Democrats moved most of Johnson’s current territory into the 15th district and switched around parts of Champaign so that Rep. John Shimkus (R) could run in the 15th instead.

Johnson immediately accepted his fate and rented an apartment in the middle of the new district. He didn’t even sign on to the GOP lawsuit.

Democrats have not fielded a Congressional candidate in this territory for several cycles, so the bench here is relatively green to national politics. There will probably be a primary, too. Hoffman’s decision to switch to the 13th likely will affect the rest of the field. Green County State’s Attorney Matt Goetten also says he’s interested.

14th district

Member-vs.-Member Race

Rating: Likely Republican

This primary could be one of the most sensational races of the cycle. The two Republican freshmen running here, Joe Walsh and Randy Hultgren, have antithetical personalities, and Walsh is notoriously unpredictable.

No one gave him a chance last November, but he defeated former Rep. Melissa Bean (D) by less than 300 votes. Since coming to Congress, Walsh has made a name for himself on cable news as a sharp critic of the president. His local headlines have been less flattering: The Chicago Sun-Times reported that court documents show Walsh could owe more than $100,000 in child support back payments.

Hultgren, who defeated Foster last year, keeps a much lower profile. A longtime state lawmaker, Hultgren defeated former Speaker Dennis Hastert’s son to win the GOP nomination in 2010.

Hultgren has a slight upper hand here because he’s represented about 40 percent of the district. Walsh has only represented about 30 percent.

But Walsh has been underestimated before. There’s no telling what kind of campaign he’ll run now that he’s a Member with resources.

15th district

Incumbent: John Shimkus (R)

8th term (71 percent)

Rating: Safe Republican

Shimkus is one of the luckiest Republicans in the delegation and will seek re-election in a safer Republican district than his current one. He has a great deal of new territory, but it’s all rich with Republican voters.

16th district

Member-vs.-Member Race

Rating: Likely Republican

This district will likely feature a brutal GOP primary that highlights the generational divide between Illinois Republicans.

Ten-term Rep. Don Manzullo, 67, and freshman Rep. Adam Kinzinger, 33, are expected to face off. Although neither Republican has made a formal announcement, Manzullo lives in this district and Kinzinger already started circulating petitions to run here.

Earlier this year, Republicans believed that Manzullo might retire. But sources say Manzullo turned a corner late this summer and is gearing up for another campaign.

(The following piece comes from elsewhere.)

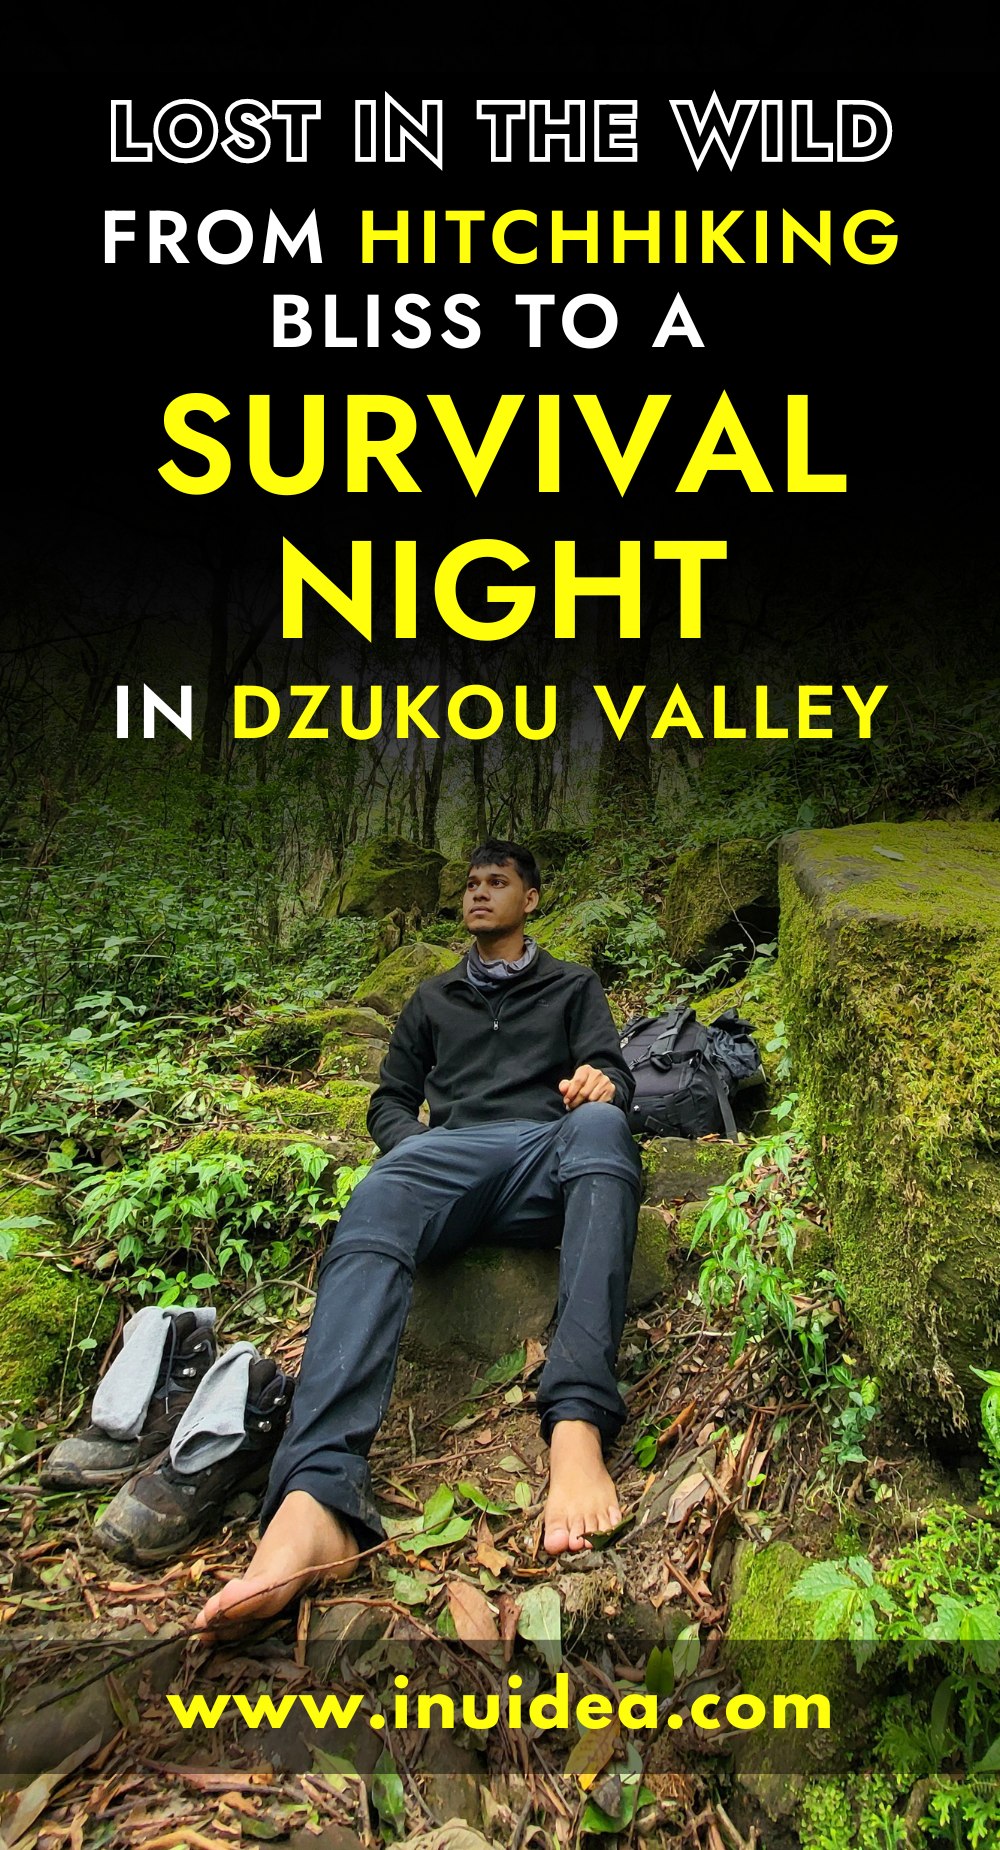 From Hitchhiking Bliss to a Survival Night in Dzukou Valley: Lost in the Wild

Kinzinger lives in the redrawn 2nd, but his current district was split into three different House districts. The majority of his current territory now lies in the 16th district.

Democrats removed populous Rockford in the redraw, and as a result, the seat will most likely stay in GOP hands.

Democrats could make this seat competitive if the primary gets ugly, but without a candidate and with so many other competitive contests in the state, Democrats would be wise to put their money elsewhere.

17th district

Incumbent: Bobby Schilling (R)

1st term (53 percent)

Rating: Leans Democratic

Schilling’s bid for a second term is going to be much harder than his first attempt.

The current 17th earned the nickname “Rabbit on Skateboard” for its odd and obviously gerrymandered shape. The lines around the redrawn 17th are much cleaner, effectively moving the district into the northwest corner of the state. It also is more favorable to Democrats, and candidates are lining up to run against Schilling. State Sen. Dave Koehler, Freeport Mayor George Gaulrapp and East Moline Alderman Cheri Bustos are already in the crowded Democratic primary. Whoever wins the nomination will have an advantage over Schilling in the general election.

18th district

Incumbent: Aaron Schock (R)

2nd term (69 percent)

Rating: Safe Republican

Democrats went relatively easy on Schock by packing Republicans into this redrawn district.

Why did Democrats spare an up-and-comer like Schock? Some Republicans speculate it’s because they want Schock to stay in the House instead of challenging Sen. Dick Durbin (D) in 2014. But given the make-up of this new district, almost any Republican could hold on to this seat until the next redraw.